For the most part, I'm happy to have one of a particular casting in any color--I don't need to have every color made. To me, a turquoise Falcon is just as cool as a yellow Falcon. On certain cars, though, the color or paint scheme makes the car (for example, I think the #29 AFX Chevelle Stocker looks very different from the #17).

methinks this thread is a great starting point for some trade activity...

--rick


----------



## Bill Hall (Jan 6, 2007)

*Just to clean my plate*



old blue said:


> I would like to see a thread where we put down our bucket list of slot cars, meaning the cars we would like to own before we kick the bucket. Speaking for myself, my bucket list would contain an original Aurora batmobile, an original Mach1 Mustang and an original creation by Bill Hall!
> 
> What is yours?
> 
> Old Blue


Wow Blue! I'm honored and deeply humbled to be considered on yer bucket list.

That's VERY high praise indeed.

My list would be to complete all the customs and restos I've already started, mocked up or stalled... and to continue collecting pieces from the HT membership... until the hammer drops.


----------



## bobhch (Apr 22, 2007)

*As a custom builder and collector I can only say this...*

From a custom builders prospective I can only hope to get more customs. Which ones they are...I don't know? They are not even built yet. 

I have lots of customs from HT trades in my collection from Bill, Nuther, Joez, Slotcarman, Wes, Coach, Win, rr, Doba, Greg Gipe, tjetjim, tjetracer, NTX,Gearbuster, Hilltop, kiwi, Ed, Video Jimmy, Neal and a few more I'm not sure who built.

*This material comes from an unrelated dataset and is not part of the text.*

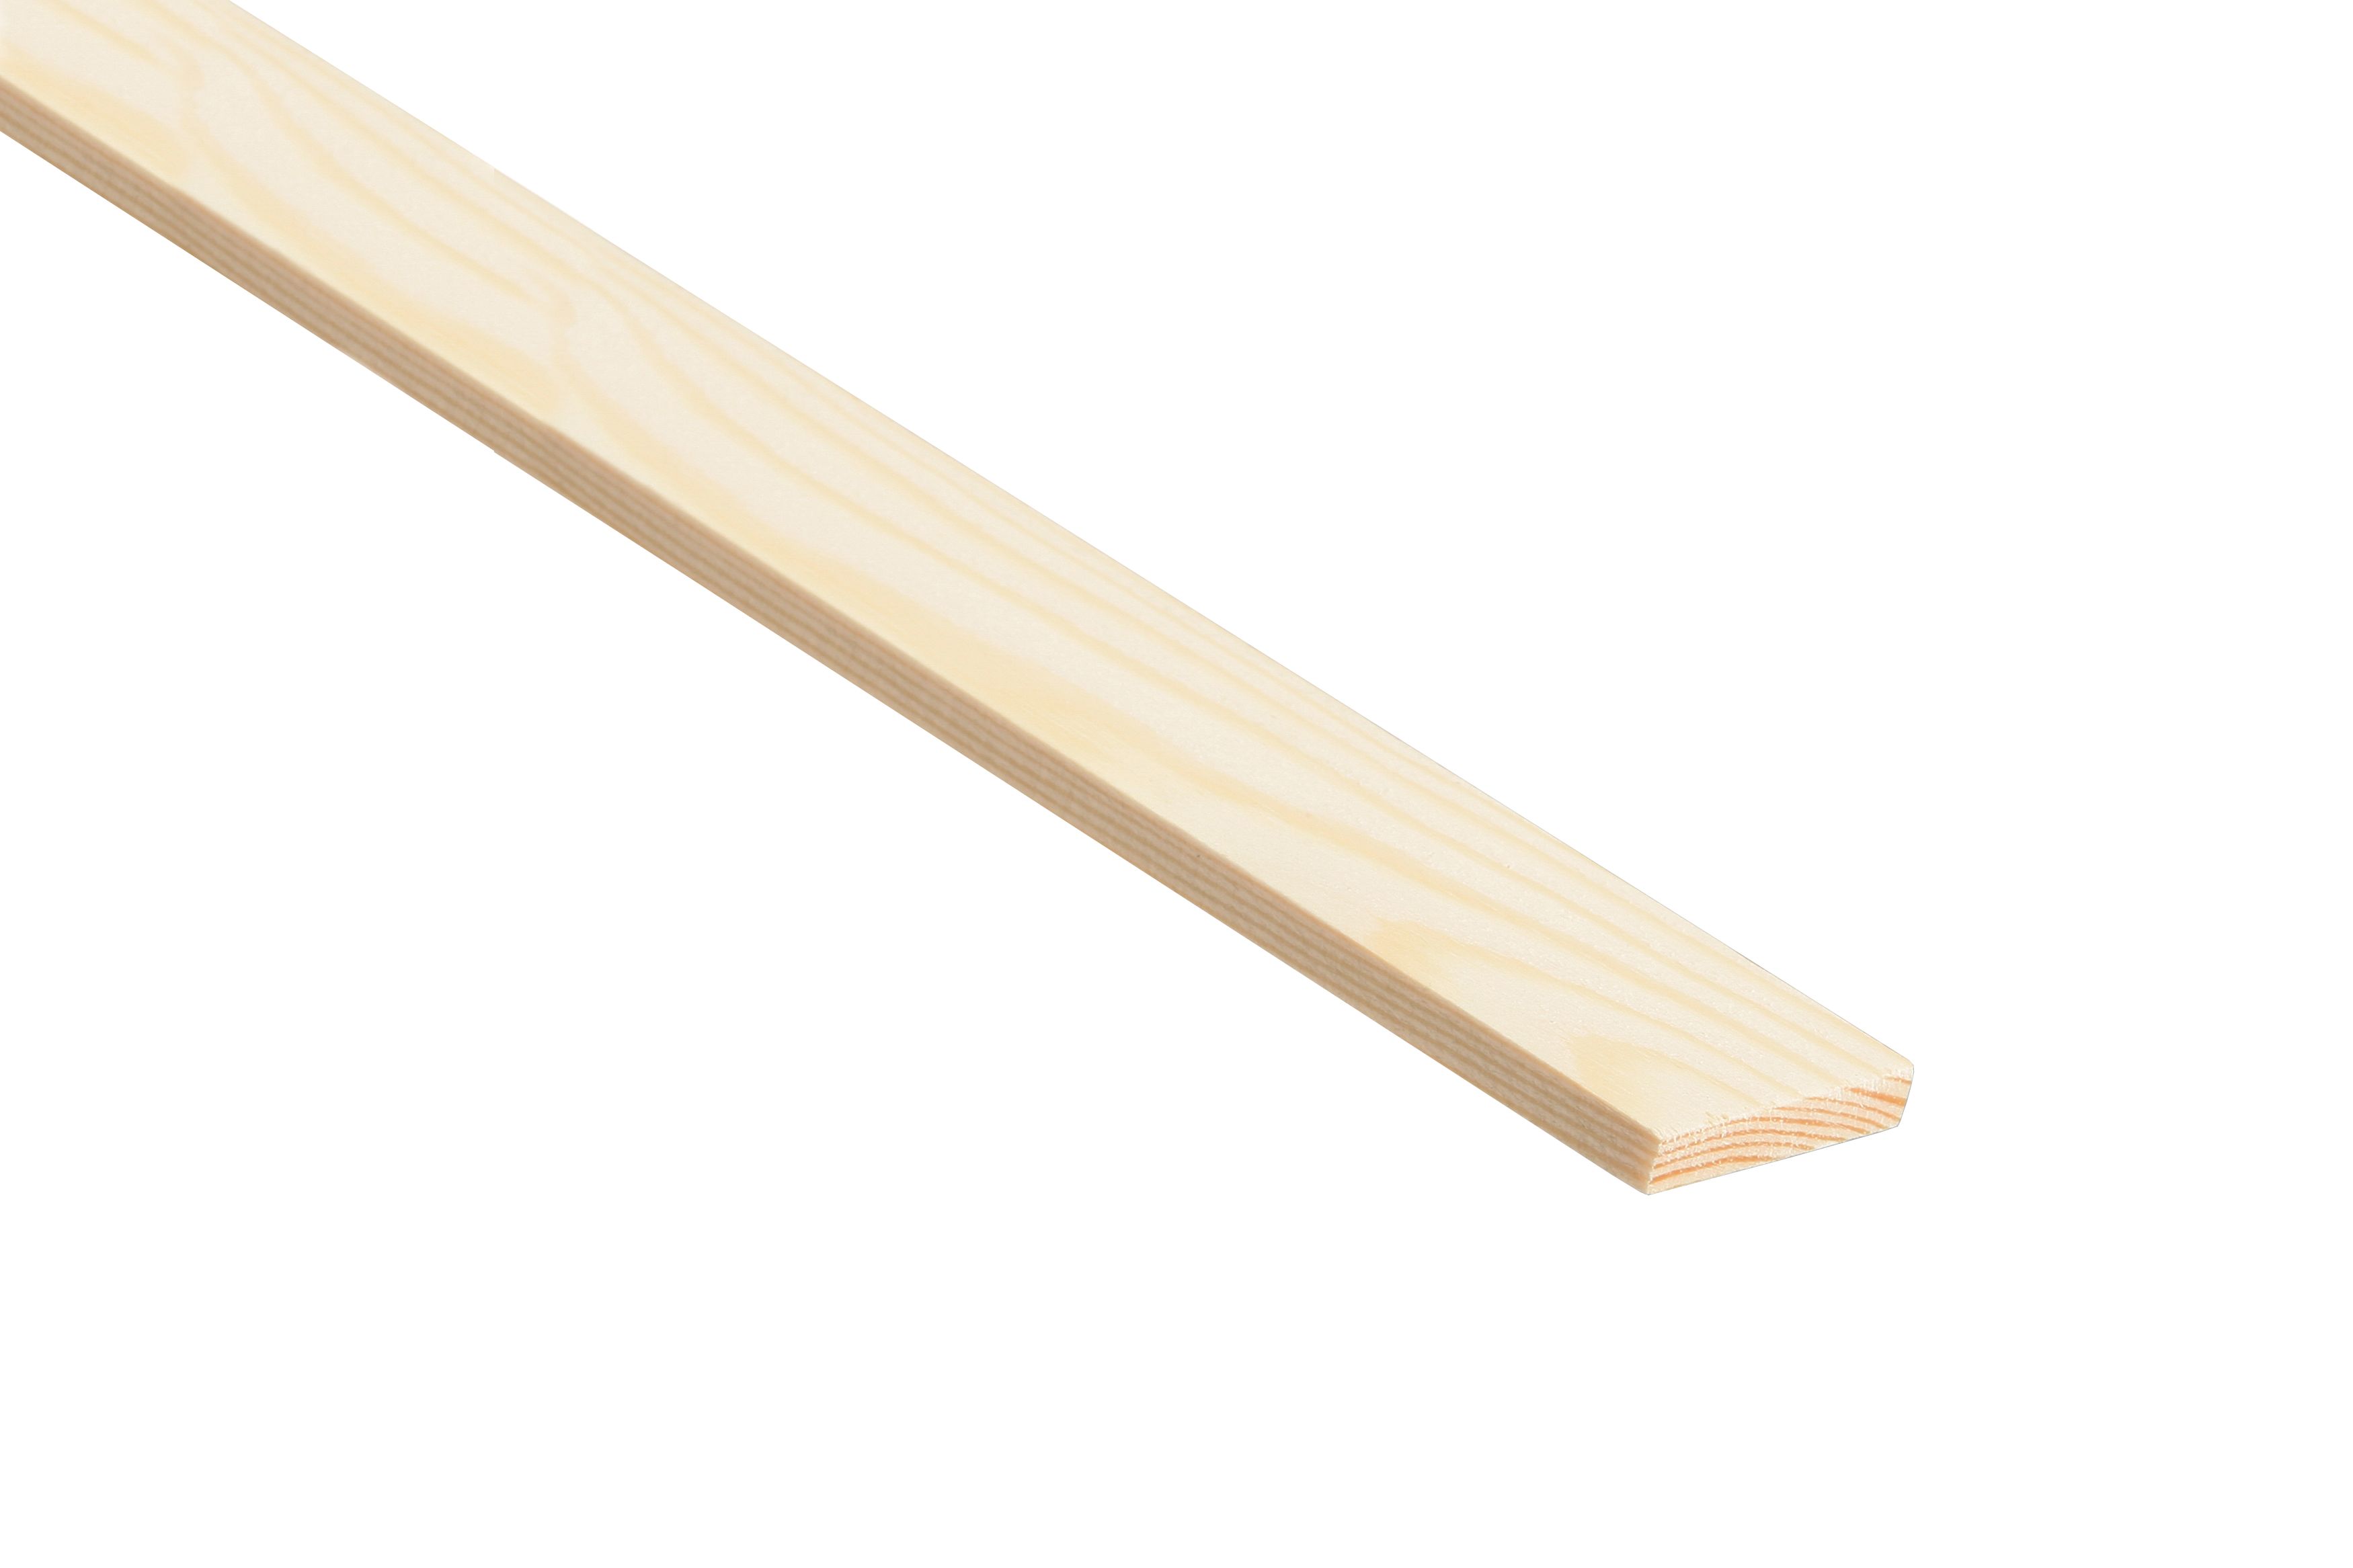 Image of Wickes Pine Stripwood Moulding (PSE) - 36 x 4 x 2400mm

These are mine forever so, I would just like to be able to trade more here to get more cool HT traded cars. Unfortunatly I need to sell alot of my customs right now to keep my head above water. Will NEVER sell any cars I have got in trade from my Hobby Talk friends....NEVER!!

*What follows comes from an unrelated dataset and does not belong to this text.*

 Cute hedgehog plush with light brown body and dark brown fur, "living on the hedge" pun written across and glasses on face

Well I have a bunch of bodies by Dash (Dan), Tom Stumpf, Bruce Gavins, Greg Gipe, ho john, myself and others (you know who you are) that will be turned into customs someday. 

Some Customs to keep and some to send away. Even I won't know which is which untill they are finished. They decide themselves kinda. If they make it to my case they are safe...for a little bit anyways. 

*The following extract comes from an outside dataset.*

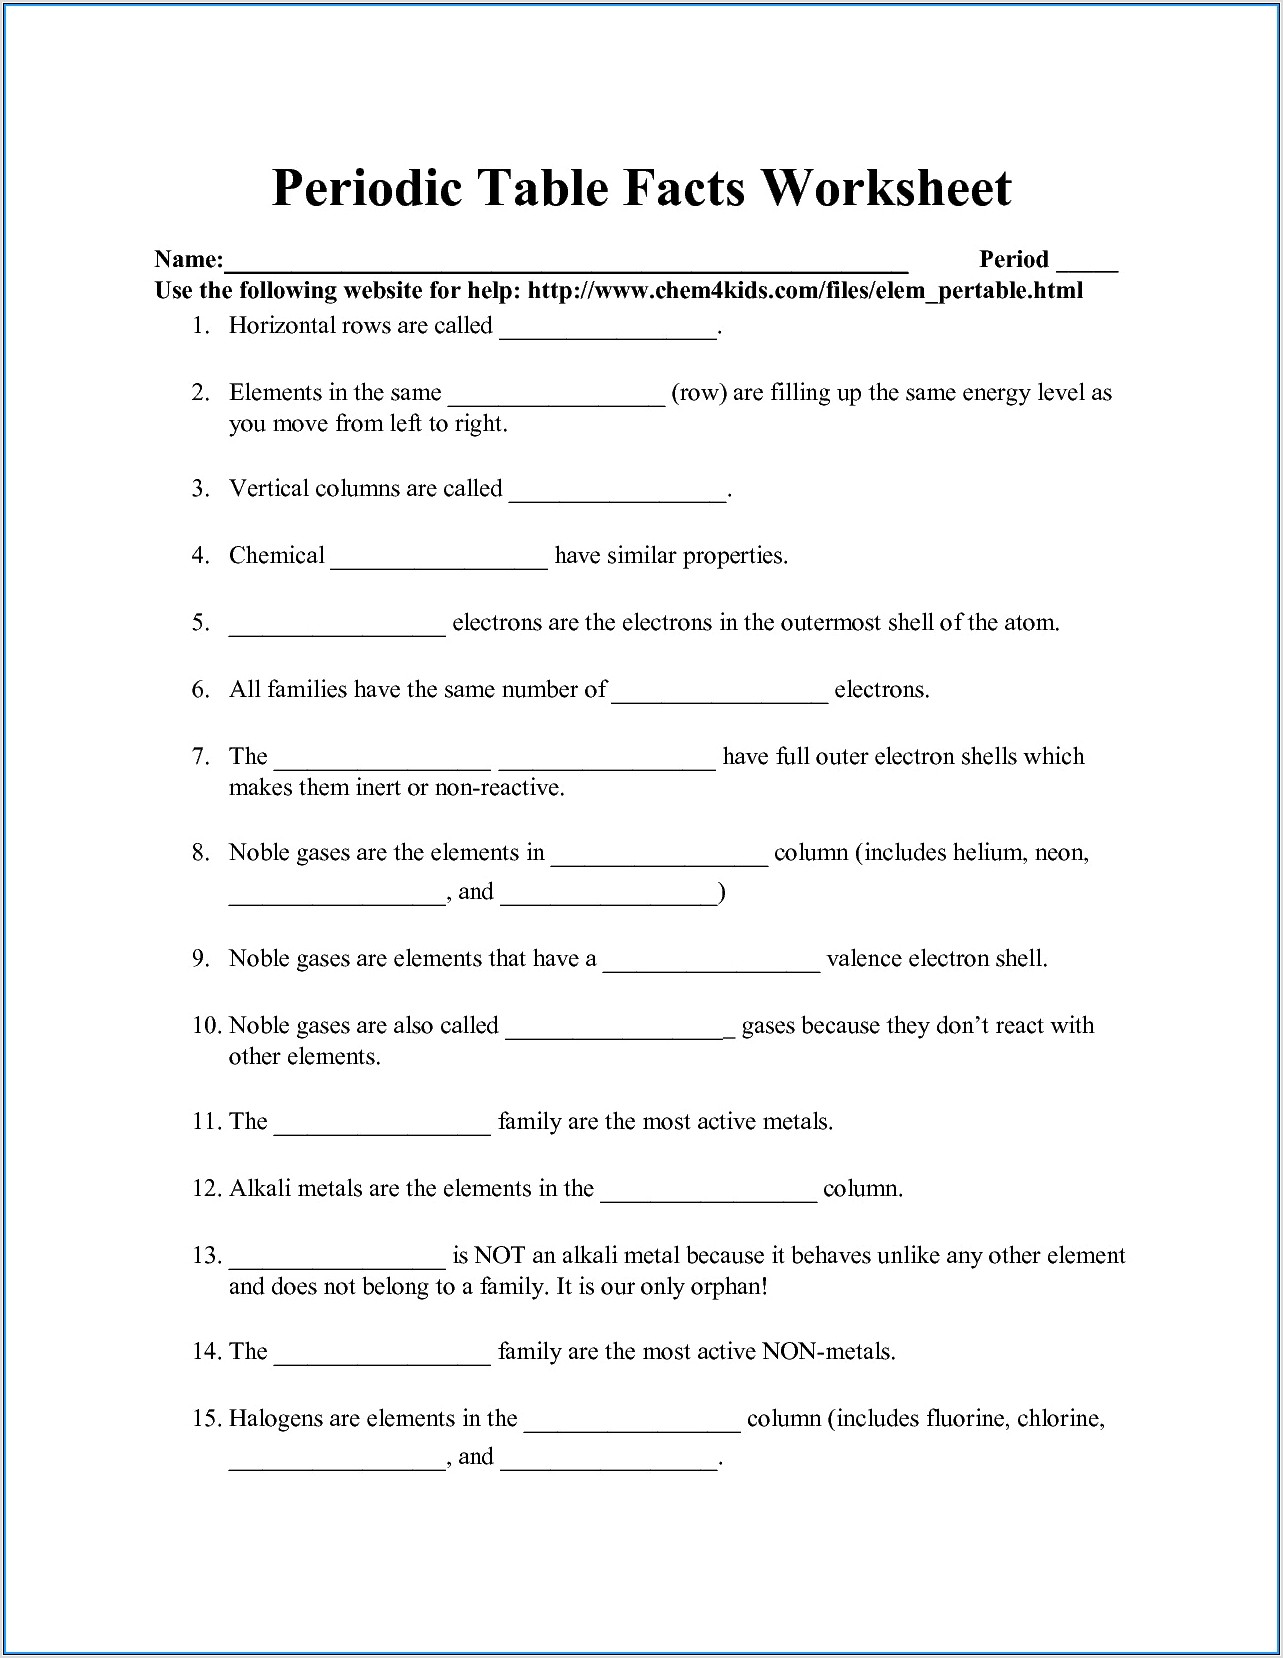 Periodic Table Worksheet For Middle School Pdf

My motto is that if you build a custom for someone here on HT and part of you wants to keep it then, you have built someones bucket list car. I don't care If I get a car in trade that isn't perfect as long as there heart and soul was poured into the build. With Ed it is Blood and Guts...LOL

On another note the HO scaled Hoover Damn Yankee built me....now that is my bucket for landscape. 

Jim thanks for letting me borrow you rock molds. Will get to landcaping this Winter. Don't worry I will send them back.

Mike King sent me a mini version of my prized Godzilla figure....man it's like they shrunk mine exactly.....I need to paint it the same someday with my airbrush. Thanks Everyone!!

I suppose another AFX Lola or Two wouldn't hurt....oh yeah!

Bob...no names were changed to protect the innocent...zilla


----------



## Bubba 123 (Sep 10, 2010)

hi , i'm Bubba 123...
just got on yesterday........
I have several of the red jeep bodys NOS....

got anything 2 trade ??? ;-)


----------



## SplitPoster (May 16, 2006)

Bucket list? Man, if it gets dicey I'm gettin on ebay before it's too late.

I kinda like most any blue or green t jets,

so an original blue Mach 1 is high on the list.

vibe Ford pickup and County Squire.
Any vibe in its original box, where it reads "HO scale motor powered vehicle"
T jet Torino, green or white
As many examples of Alfa Romeo slots as Alfaslot - Greg Gipe - has ever made!


----------



## hefer (Sep 18, 1999)

Thought this list would be a little shorter, until I got my books out. Guess I'll have to stick around for awhile. To many cars, never enough money.

AURORA 32 FORD PICKUP - Traded mine for AMX when I was a kid...DUH! If I had to pick just one off this list, it would be this one. But, I wouldn't kick any of them out of bed for eating crackers.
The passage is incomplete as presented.